By imposing a significant nexus on the text of the CWA, Kennedy “has devised his new statute all on his own,” according to Scalia.
Permanent and continuous
As the Scalia plurality reads the CWA and also based on Bayview and SWANCC, statutory jurisdiction is established under two criteria.
First, to be jurisdictional under the CWA, a water body must have a relatively permanent connection to a traditional interstate navigable water. Moreover, jurisdiction should apply to bodies of water that form geographic features, which means, according to the dictionary definition, they are streams, oceans, rivers, or lakes.
“By describing ‘waters’ as ‘relatively permanent,’ we do not necessarily exclude streams, rivers, or lakes that might dry up in extraordinary circumstances, such as drought,” Scalia added. “We also do not necessarily exclude seasonal rivers, which contain continuous flow during some months of the year but no flow during dry months. It suffices for present purposes that channels containing permanent flow are plainly within the definition, and that the dissent’s ‘intermittent’ and ‘ephemeral’ streams—that is, streams whose flow is coming and going at intervals … broken, fitful,’ or ‘existing only, or no longer than, a day’ are not.” (Internal quotes from Webster’s Dictionary.)
Second, a wetland must have a continuous surface connection with a traditional navigable water, making it difficult to determine where the “water” ends and the “wetland” begins. According to Scalia, this connection was explained in Bayview and does not encompass simple hydrologic connections where there is no direct abutment between the wetland and the traditional navigable water.
“Wetlands with only an intermittent, physically remote hydrologic connection to ‘waters of the United States’ do not implicate the boundary-drawing problem of Bayview, and thus lack the necessary connection to covered waters that we described as a ‘significant nexus’ in SWANCC,” wrote Scalia.

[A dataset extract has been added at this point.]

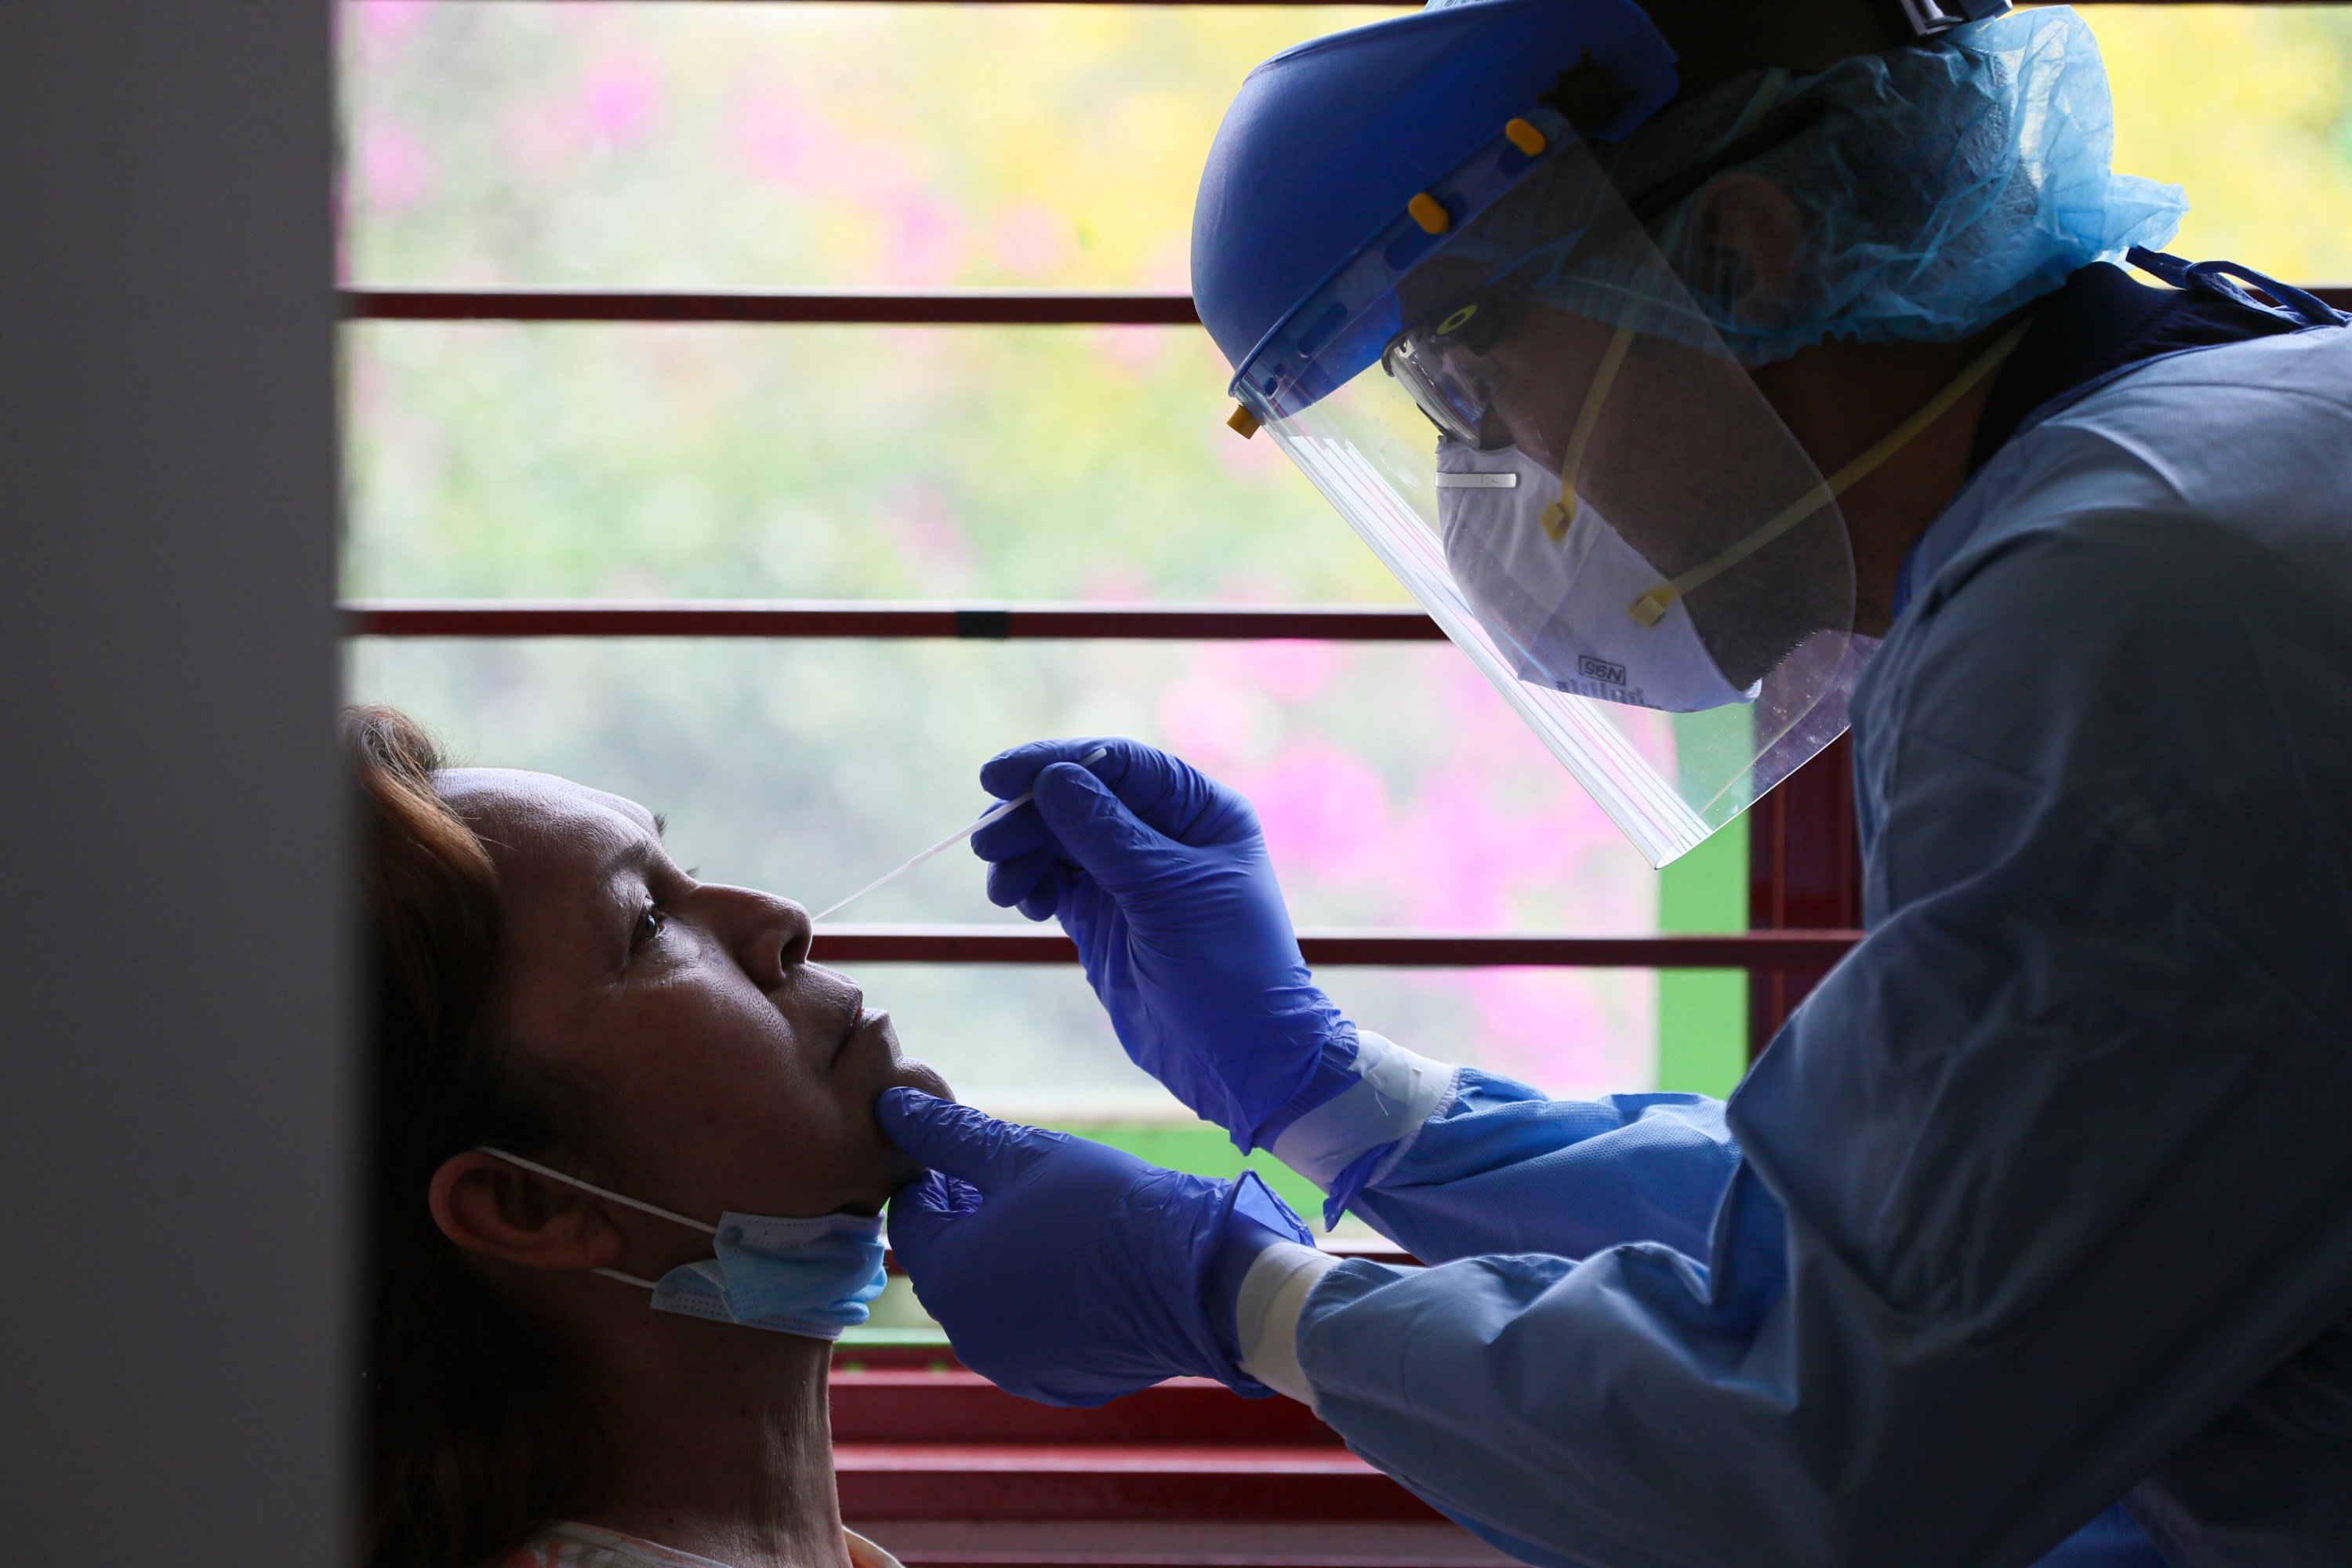 Jose Antonio Gama performs a nasal swab test on a patient at a medical center dedicated exclusively to the treatment of patients with COVID-19, in Mexico City, Saturday, May 9, 2020. (AP Photo)

Scalia adds that neither the CWA, Bayview, nor SWANCC support the contention that wetlands abutting tributaries to navigable waters are also jurisdictional.
The plurality opinion further addressed the impact of federal regulation of ephemeral streams and other seasonal flows on the rights of states.
“The expansive theory advanced by the Corps, rather than ‘preserv[ing] the primary rights and responsibilities of the States,’ would have brought virtually all “planning of the development and use … of land and water resources” by the States under federal control,” wrote Scalia. “It is therefore an unlikely reading of the phrase ‘the waters of the United States.’”
“The extensive federal jurisdiction urged by the Government would authorize the Corps to function as a de facto regulator of immense stretches of intrastate land—an authority the agency has shown its willingness to exercise with the scope of discretion that would befit a local zoning board,” Scalia adds. “We ordinarily expect a ‘clear and manifest’ statement from Congress to authorize an unprecedented intrusion into traditional state authority. The phrase ‘the waters of the United States’ hardly qualifies.”